To T. H. Huxley   18 January 1879

Down, | Beckenham, Kent. | Railway Station | Orpington. S.E.R.

Jan 18th 1879

My dear Huxley

I have just finished your present of the life of Hume, & must thank you for the great pleasure which it has given me.—1 Your discussions are, as it seems to me, clear to a quite marvellous degree, & many of the little interspersed flashes of wit are delightful. I particularly enjoyed the pithy judgment in about 5 words on Comte.—2 Notwithstanding the clearness of every sentence, the subjects are in part so difficult, that I found them stiff reading. I fear, therefore, that it will be too stiff for the general public; but I heartily hope that this will prove to be a mistake, & in this case the intelligence of the public will be greatly exalted in my eyes.

The writing of this book must have been awfully hard work, I should think.

My dear Huxley | Ever yours | Ch. Darwin

George has paid a visit to Mr Rich & liked the old gentleman much. They talked incessantly for about 24 hours— Mr R. seems to have enjoyed your visit hugely.—3

Footnotes

CD’s copy of Huxley’s biography and discussion of the philosophy of David Hume is in the Darwin Library–Down (T. H. Huxley 1879).
In T. H. Huxley 1879, Huxley had written that positivists (followers of Auguste Comte) believed that observation of the mind was inherently impossible, and that psychology was ‘a phantasm generated by the fermentation of the dregs of theology’. He added:

if M. Comte had been asked what he meant by “physiologie cérébrale,” except that which other people call “psychology;” and how he knew anything about the functions of the brain, except by that very “observation intérieure,” which he declares to be an absurdity—it seems probable that he would have found it hard to escape the admission, that, in vilipending psychology, he had been propounding solemn nonsense.

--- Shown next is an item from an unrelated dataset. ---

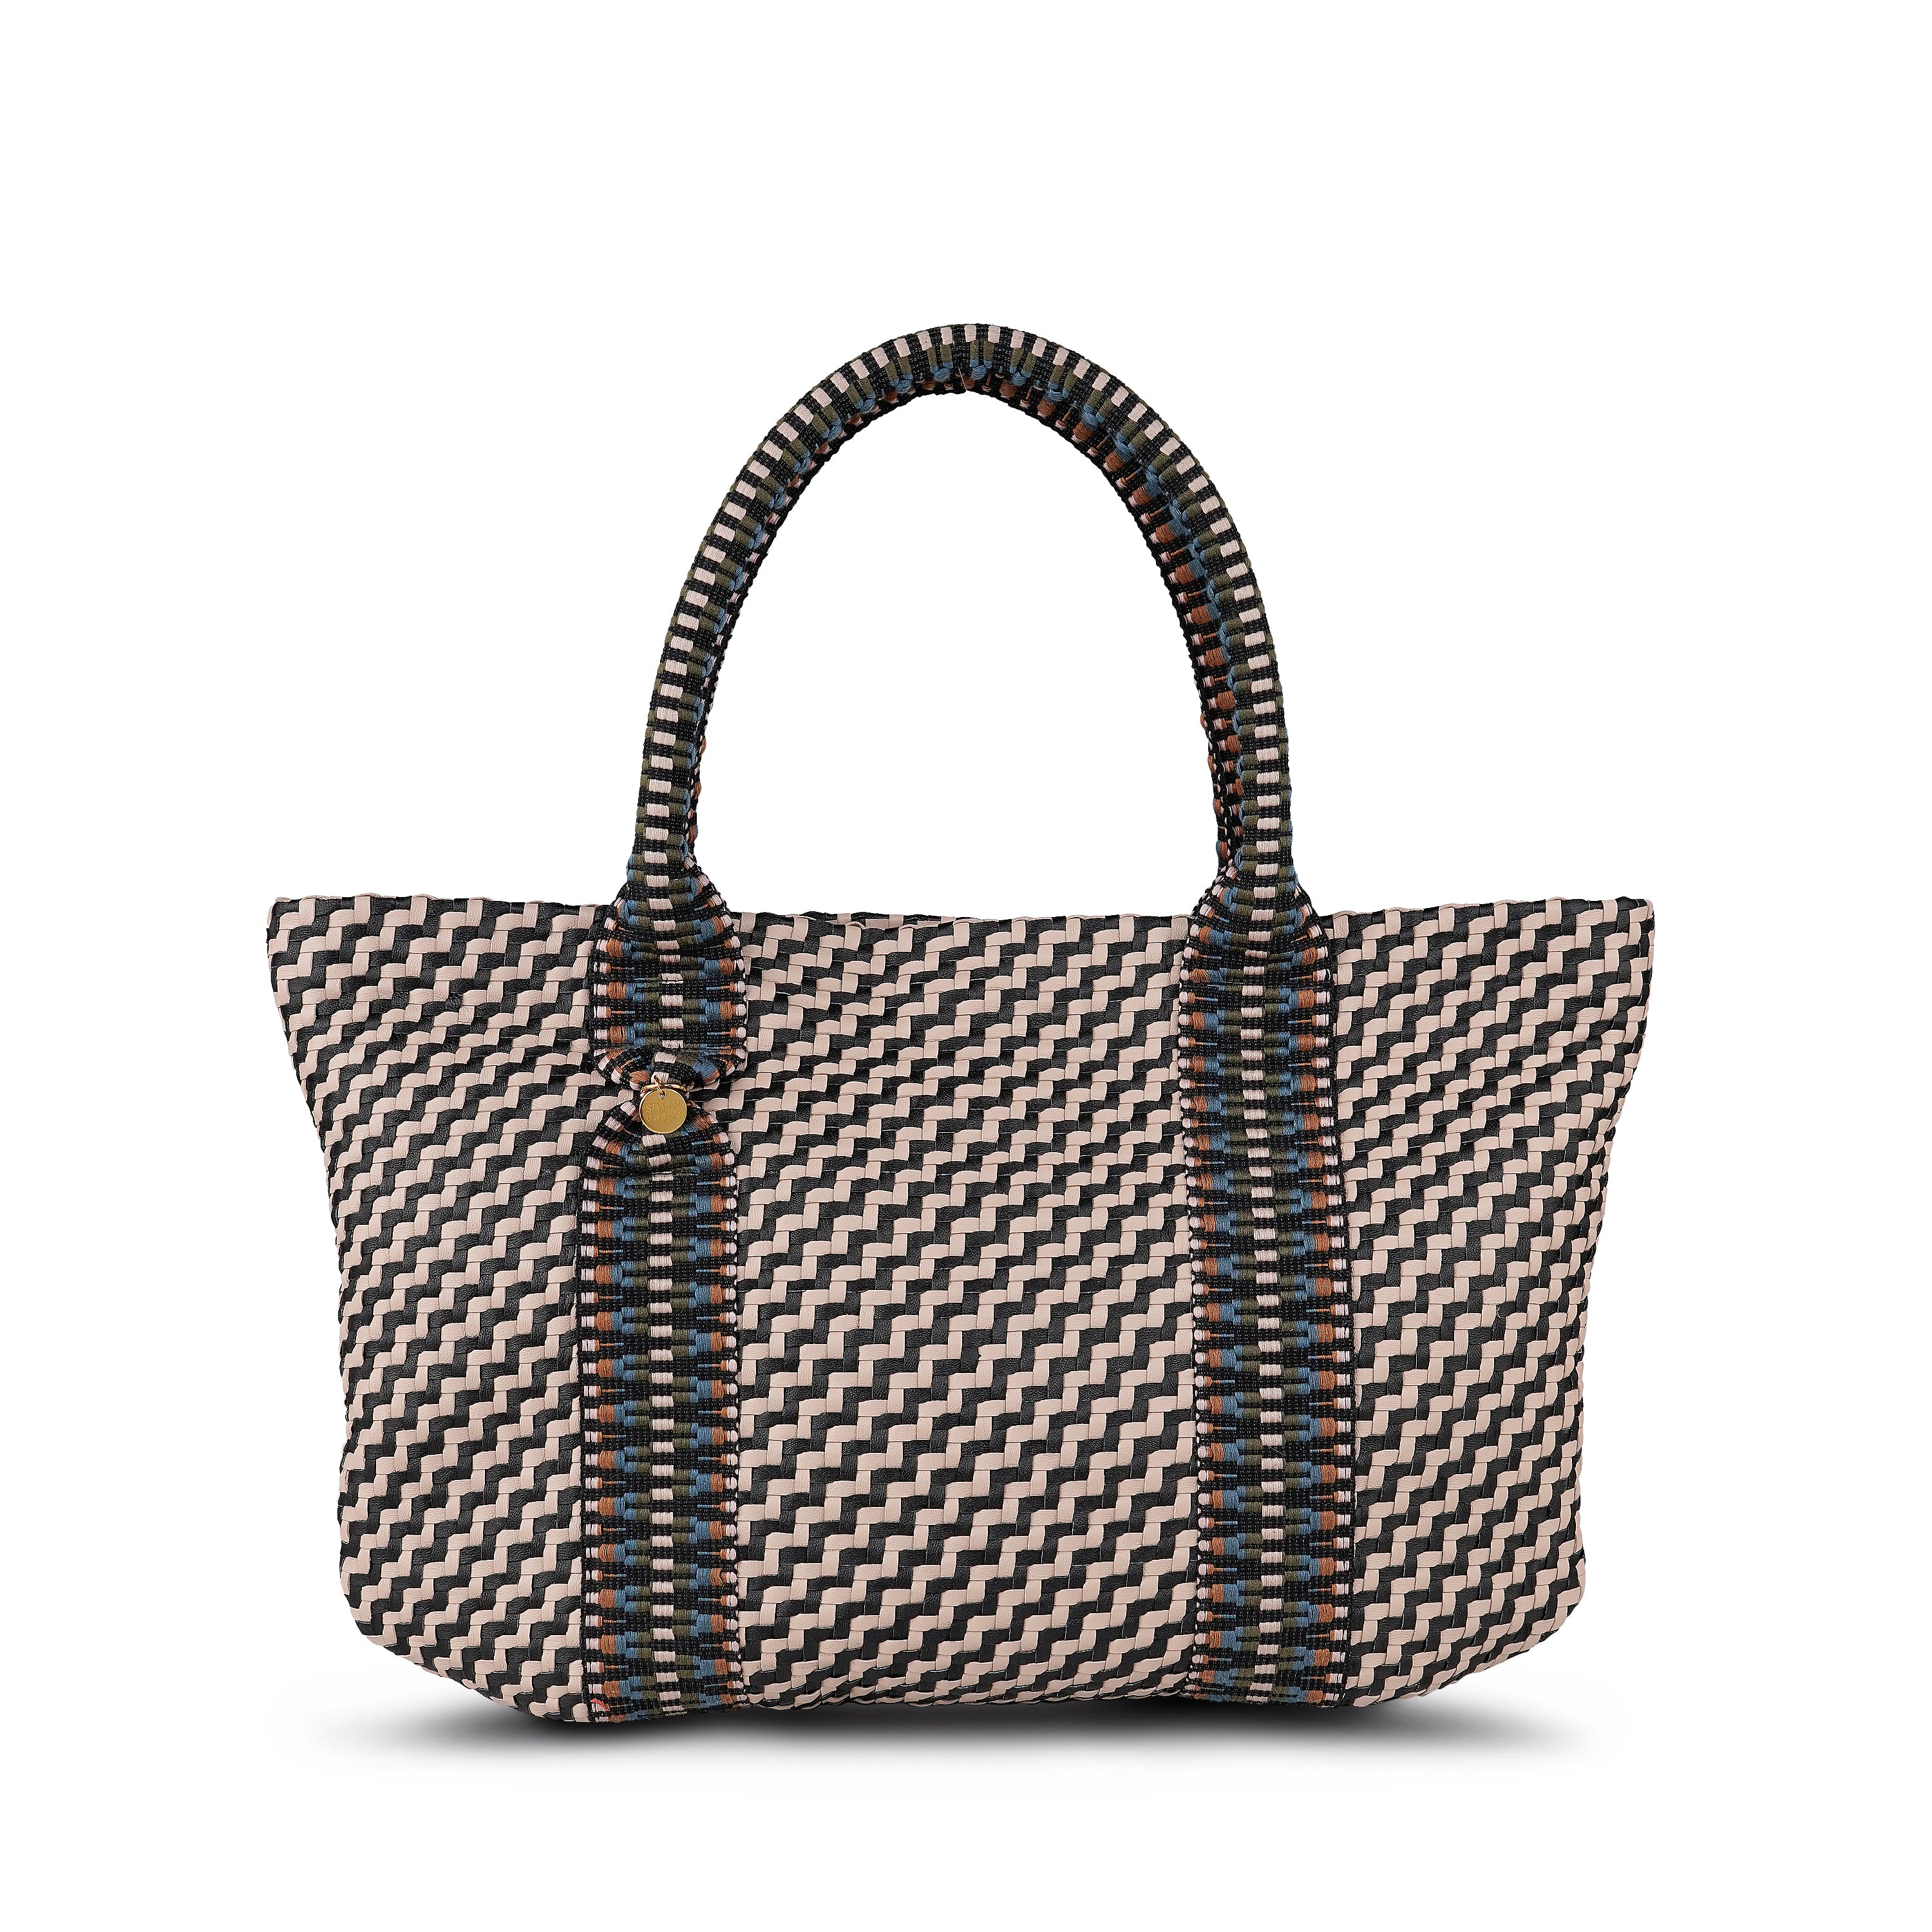 Misool Hand Woven Leather Tote Bag in MOCHA by STELAR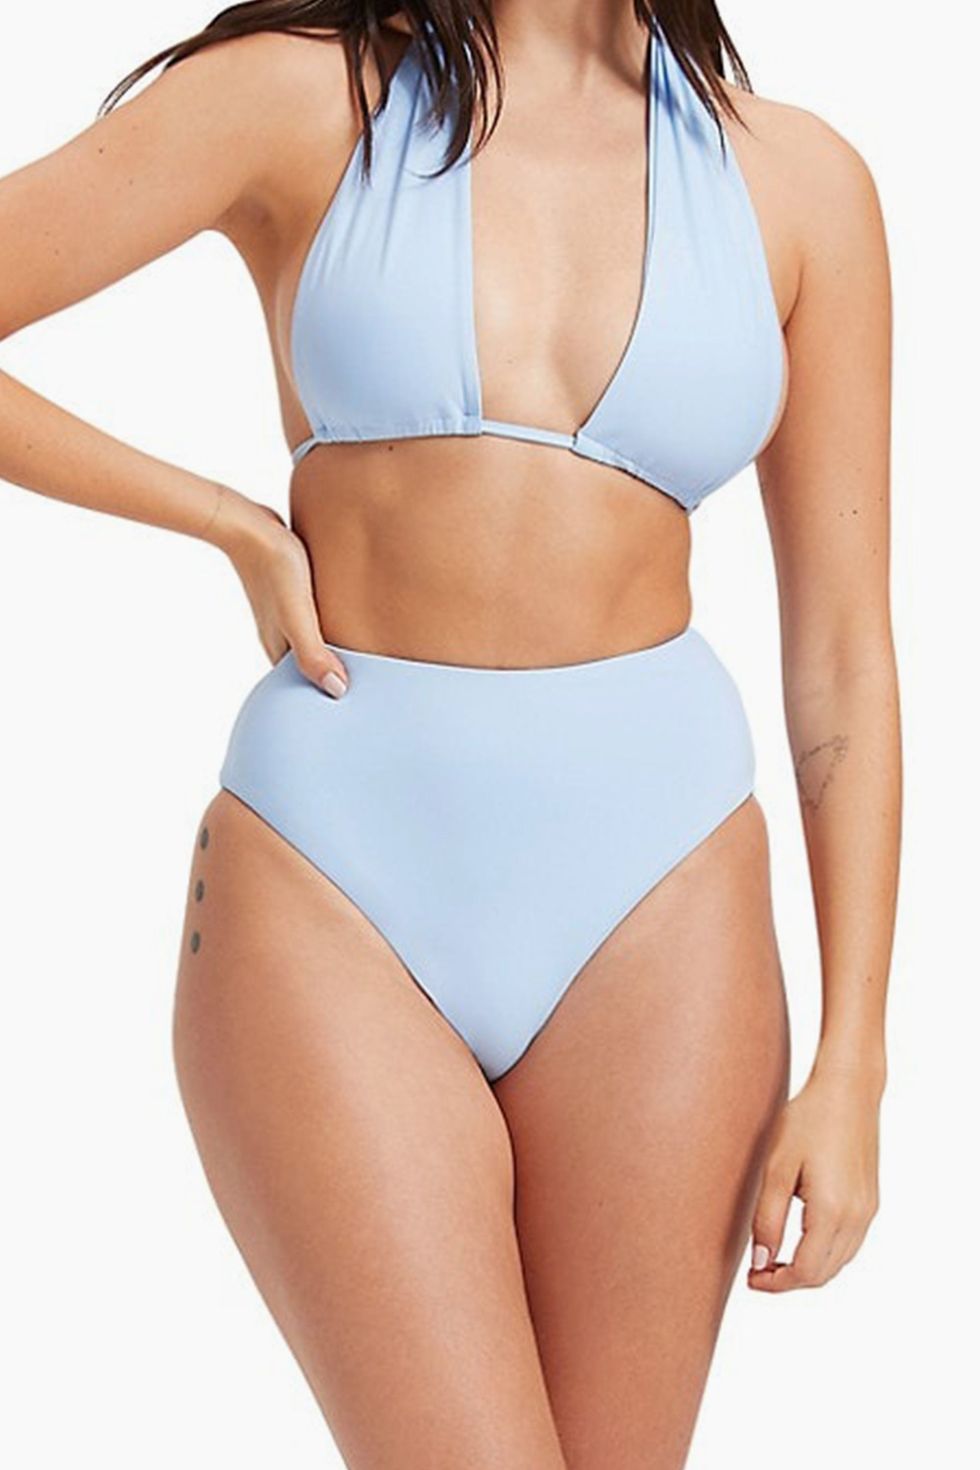 20 Flattering High Waisted Bikinis for 2022- Retro High-Waisted Style  Swimsuits

For some of George Howard Darwin’s comments on his visit on 8 and 9 January to Anthony Rich, who had decided to leave his property to CD, see the letter to W. E. Darwin, 10 January [1879], n. 2. Huxley had visited Rich at the end of December 1878 (Correspondence vol. 26, letter from T. H. Huxley, 28 December 1878).

Bibliography

Huxley, Thomas Henry. 1879. Hume. London: Macmillan and Co.

Summary

Has read Hume with great pleasure, but found parts very stiff reading.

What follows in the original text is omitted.